The MoneyCard is the centerpiece of a longstanding partnership between Pasadena, Calif.-based Green Dot and Wal-Mart, which accounted for 51% of Green Dot’s revenues in the third quarter.

Investment firm Keefe Brunette & Woods issued a brief report about the extension late Monday saying that Wal-Mart may need more time to complete a request-for-proposals process to evaluate other potential prepaid card companies to take over the MoneyCard.

“Positively, the extension gives Green Dot visibility from Walmart-related revenues for the rest of 2015, and the company is still actively engaged in the negotiation process,” the note from analyst Sanjay Sakhrani says. “That said, there are still some uncertainties given the revenue concentration as well as Walmart’s needing more time in the RFP process, which could mean that there are other players involved who represent formidable alternatives for Walmart.”

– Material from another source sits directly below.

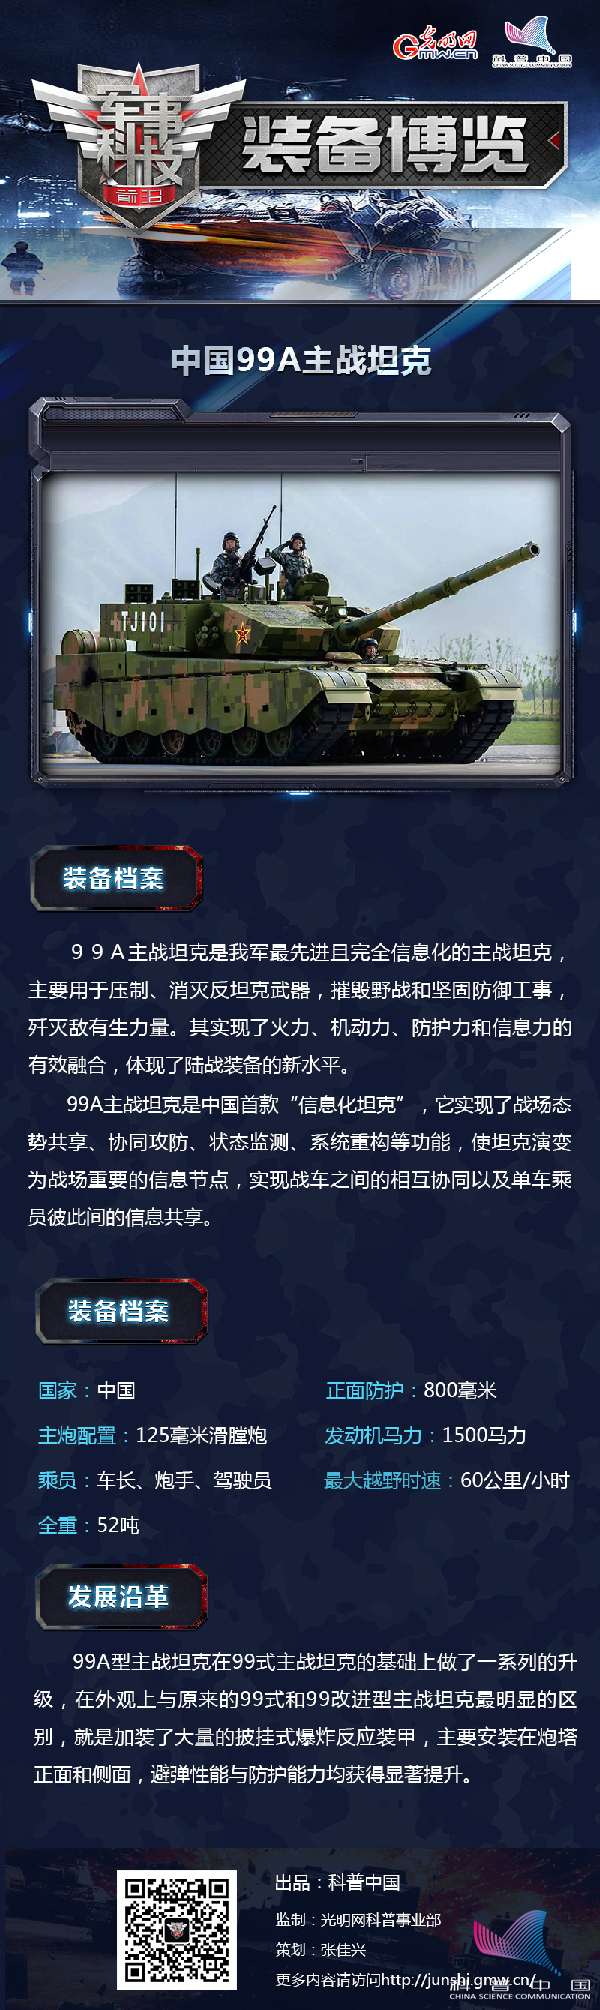 99A型主战坦克凭什么称为“陆战之王”
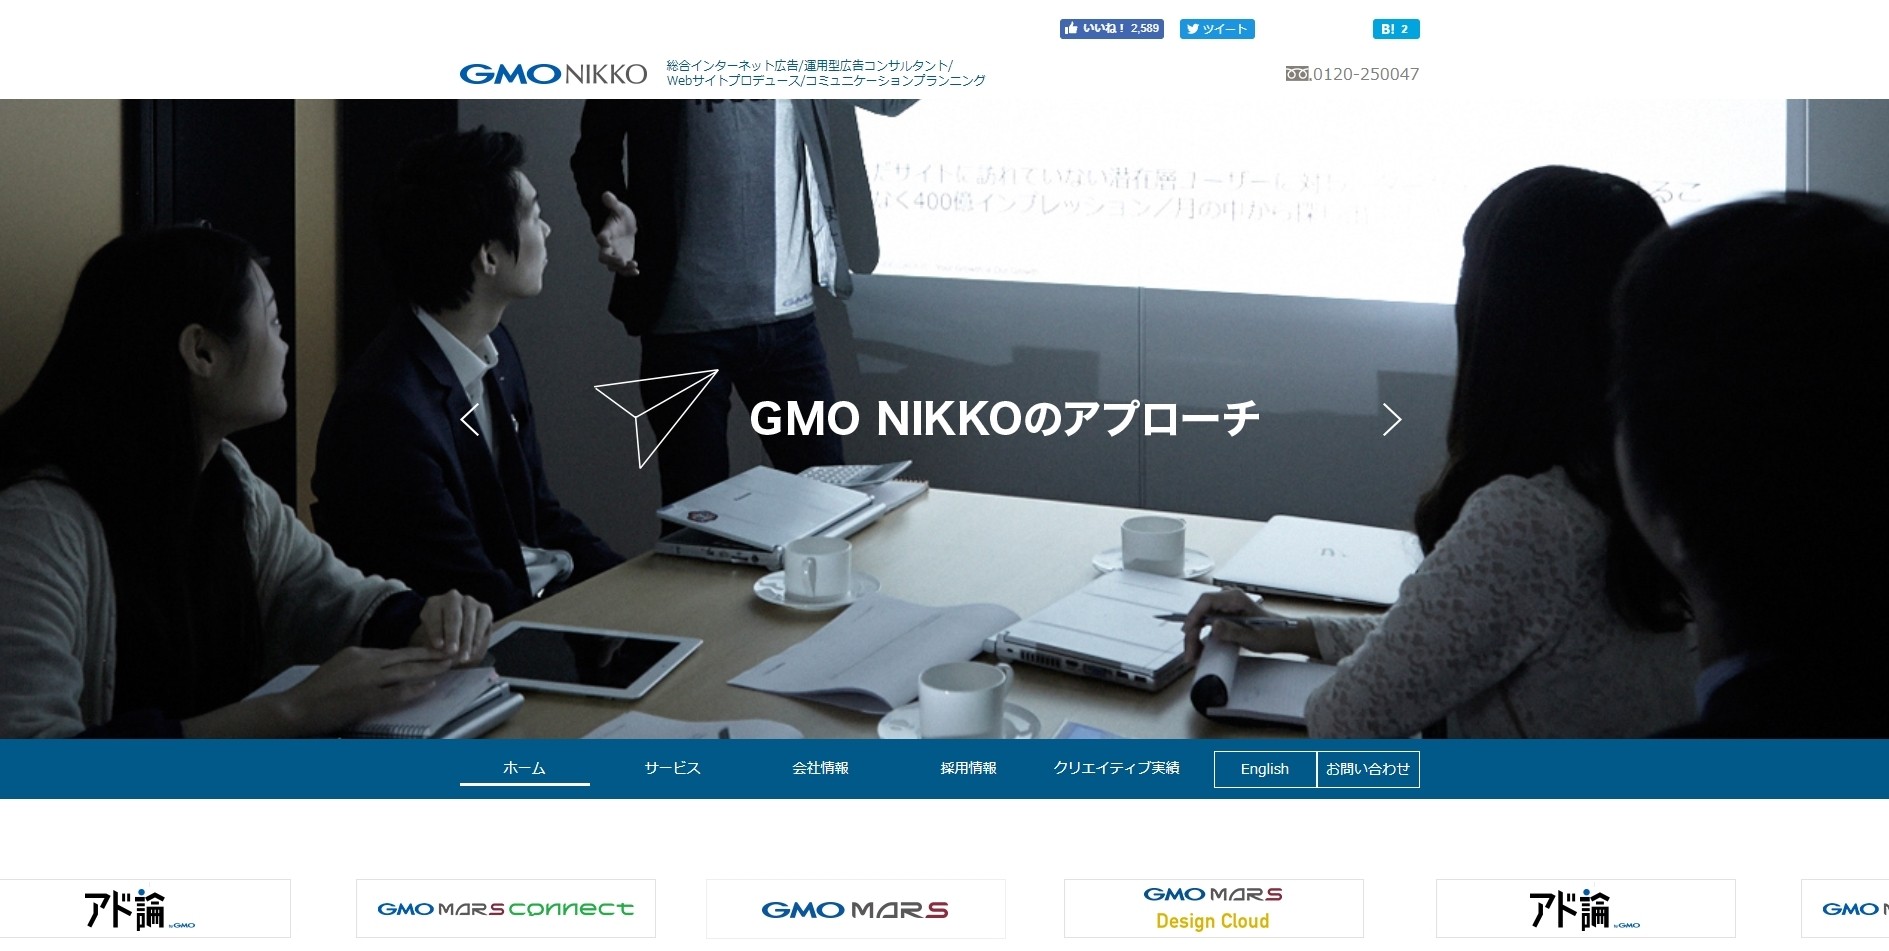 GMO NIKKO株式会社のGMO NIKKO株式会社サービス

A Wal-Mart spokesperson tells Digital Transactions News by email that “we simply required more time than anticipated to conclude our RFP process. I wouldn't read anything positive or negative into this short extension.

Green Dot declined to comment. Green Dot’s shares were trading at $20.02 late this morning on the New York Stock Exchange, down $1.78 from Monday’s $21.80 close.

Green Dot has managed the MoneyCard for years and recently took over actual issuance of the card from GE Capital Retail Bank through its subsidiary, Green Dot Bank. While Bentonville, Ark.-based Wal-Mart accounts for more than half of its revenues, Green Dot’s reliance on the huge retailer has declined from 62% last year.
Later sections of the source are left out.